Still, she hadn't said anything about it because the gift had been his idea and the wrapping had been all on him as well. She decided, though, she wasn't going to let him take full credit for it until she knew how Sophia would react. If Sophia liked it, it was all Daryl's doing. If Sophia didn't, they'd share the burden of the disappointment fifty-fifty.
Daryl passed Sophia the lumpy package and Sophia examined it before she tore it open. The glove stayed in her hand, but the ball dropped into her lap and rolled out. She looked at it, brow furrowed, and then the smile spread across her face that let Carol know they'd found a winner in the gift.

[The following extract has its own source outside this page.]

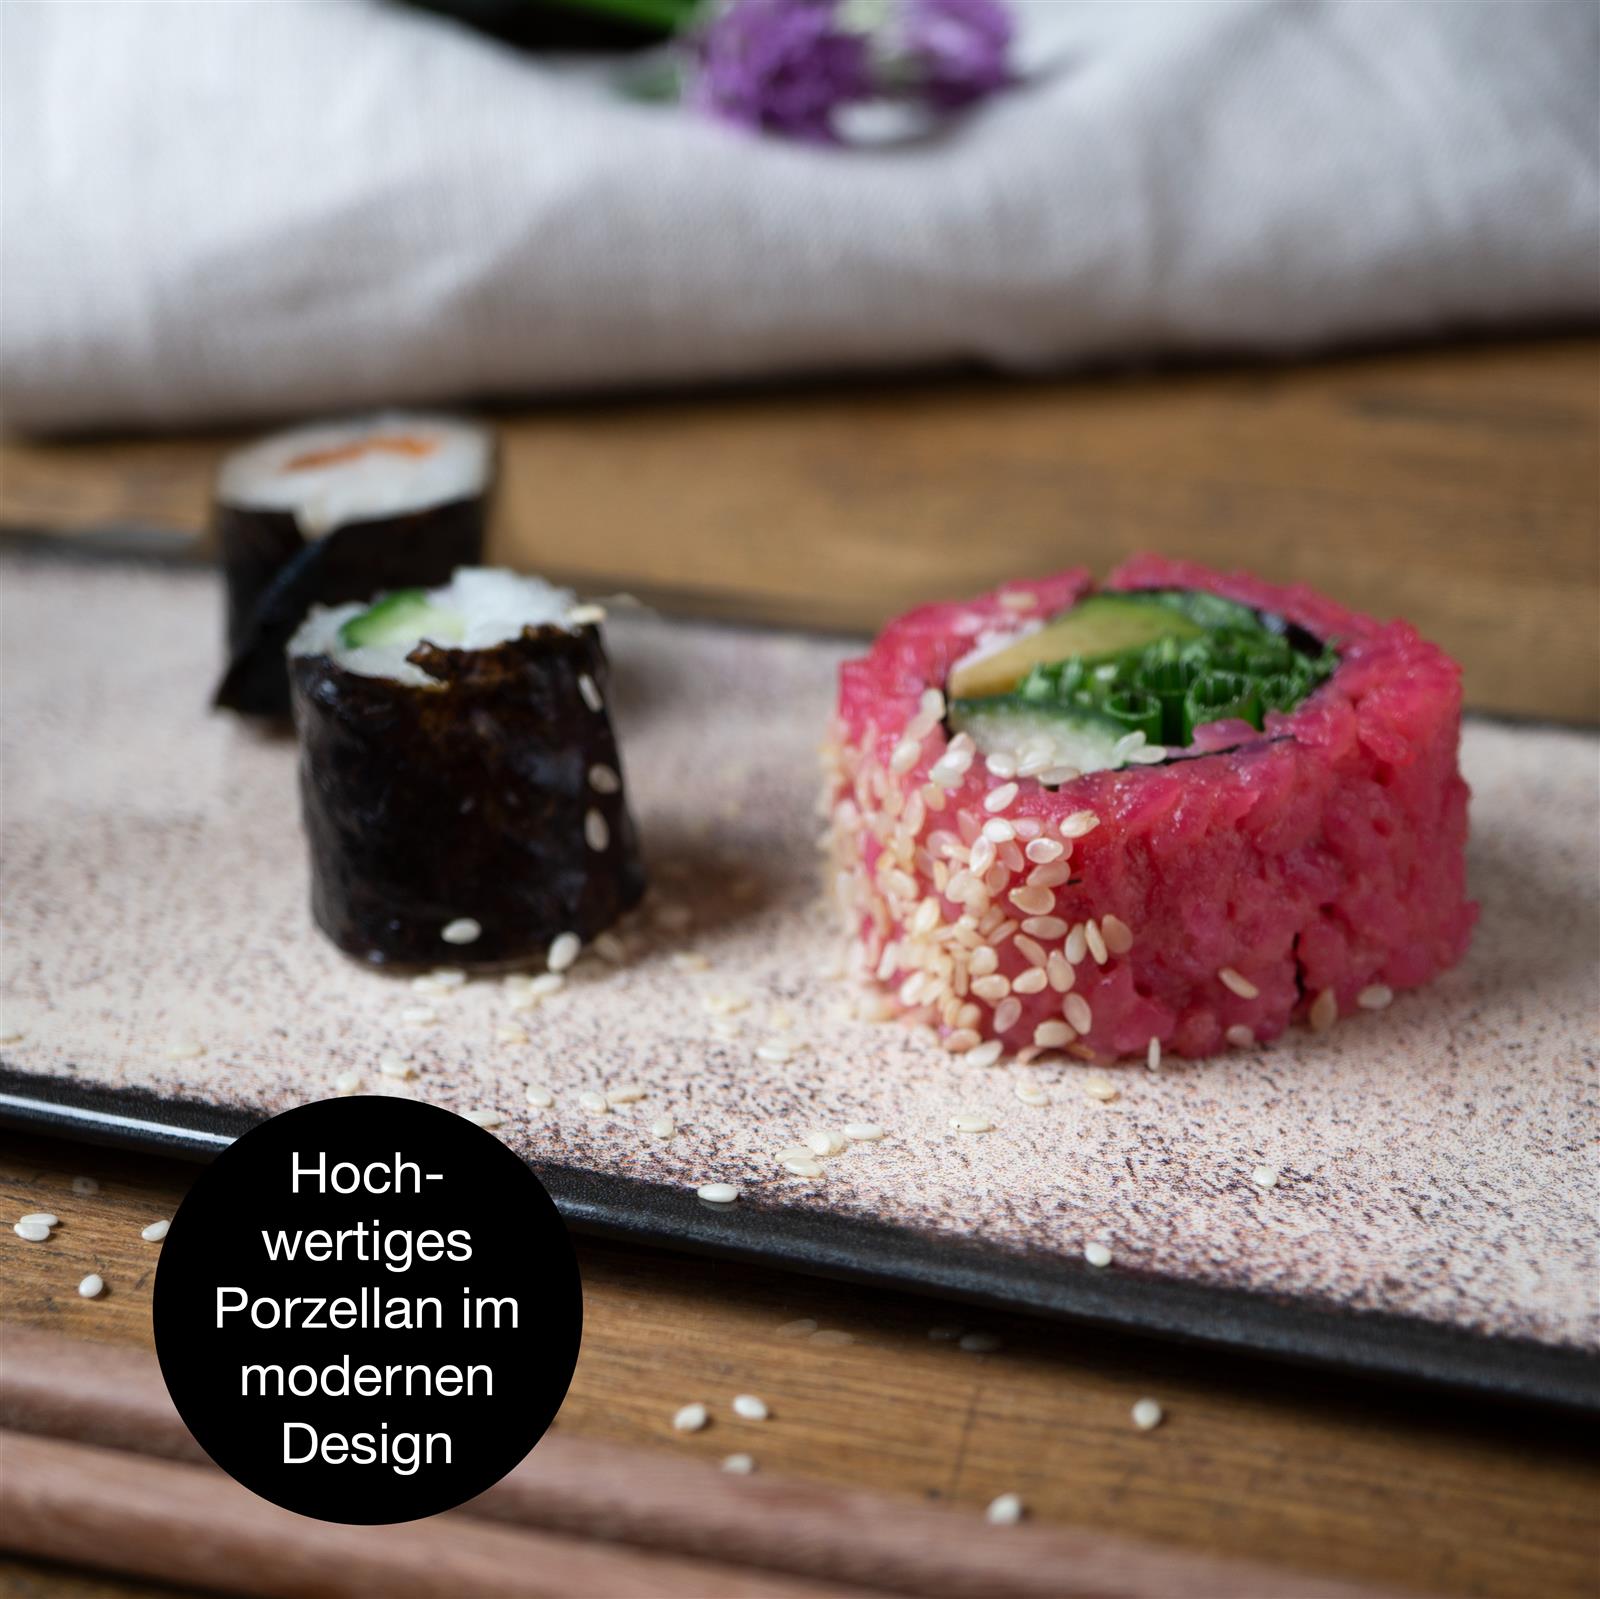 VIDA 10tlg Sushi Teller beige Asia Geschirr Set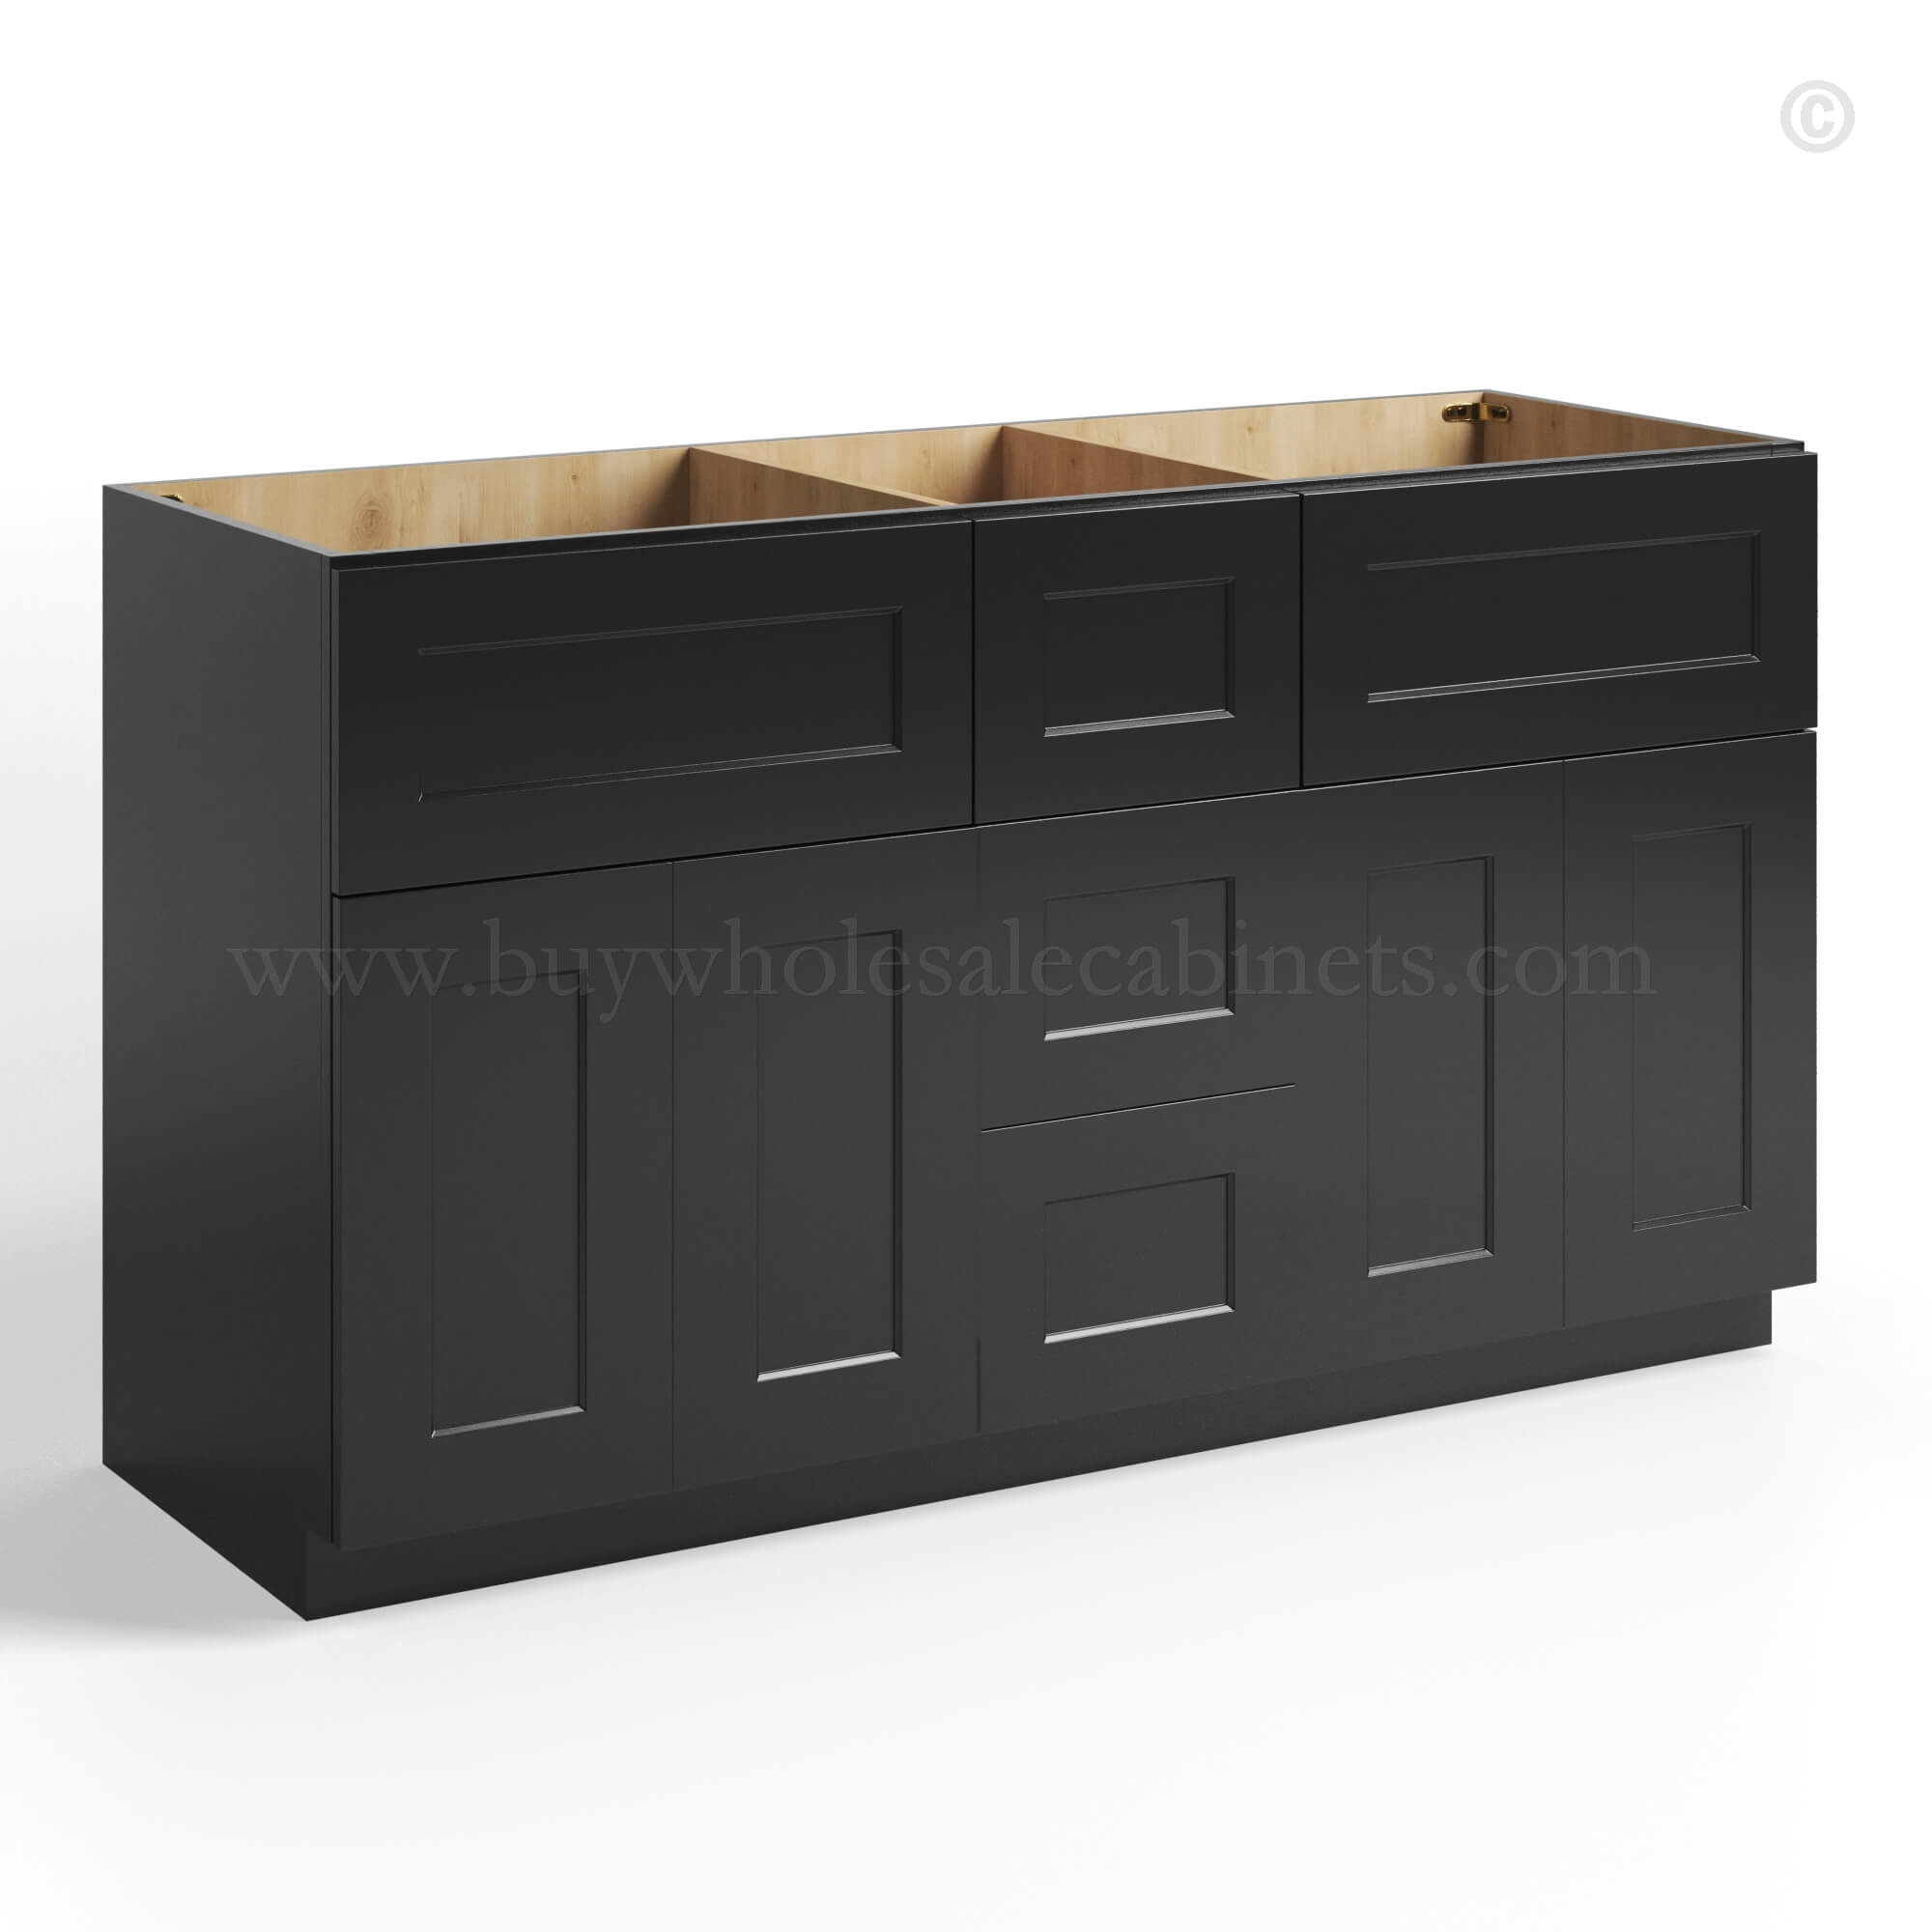 Black Shaker Vanity Sink Base Combo, rta cabinets, wholesale cabinets

"It's all your Daddy's doing," Carol offered. "He picked it out."
Sophia grinned at Daryl.
"It's mine?" She asked.
He chuckled.
"Yeah, it's yours," he said.
"Can we play?" Sophia asked.
He shrugged.
"Of course we can play," he said. "You know how to wear the glove?"
She looked at it and shook her head and Daryl got to his feet, offering a hand out to Sophia who abandoned what was left of her cake and let him pull her up to her feet with her prizes. She shot a quick grin back in Carol's direction and Carol couldn't help but smile at her excitement over the idea of a first game of catch in the park with Daryl.
"You don't need a glove?" Carol heard Sophia ask Daryl as he led her off a short distance so that stray balls wouldn't bombard her and Alice as they lounged on the blanket and kept an eye out for ants.
"Not yet," Daryl commented. "My hands are tough enough…at least until you build you up some good strength in your throwin' arm…then I'll get me one too."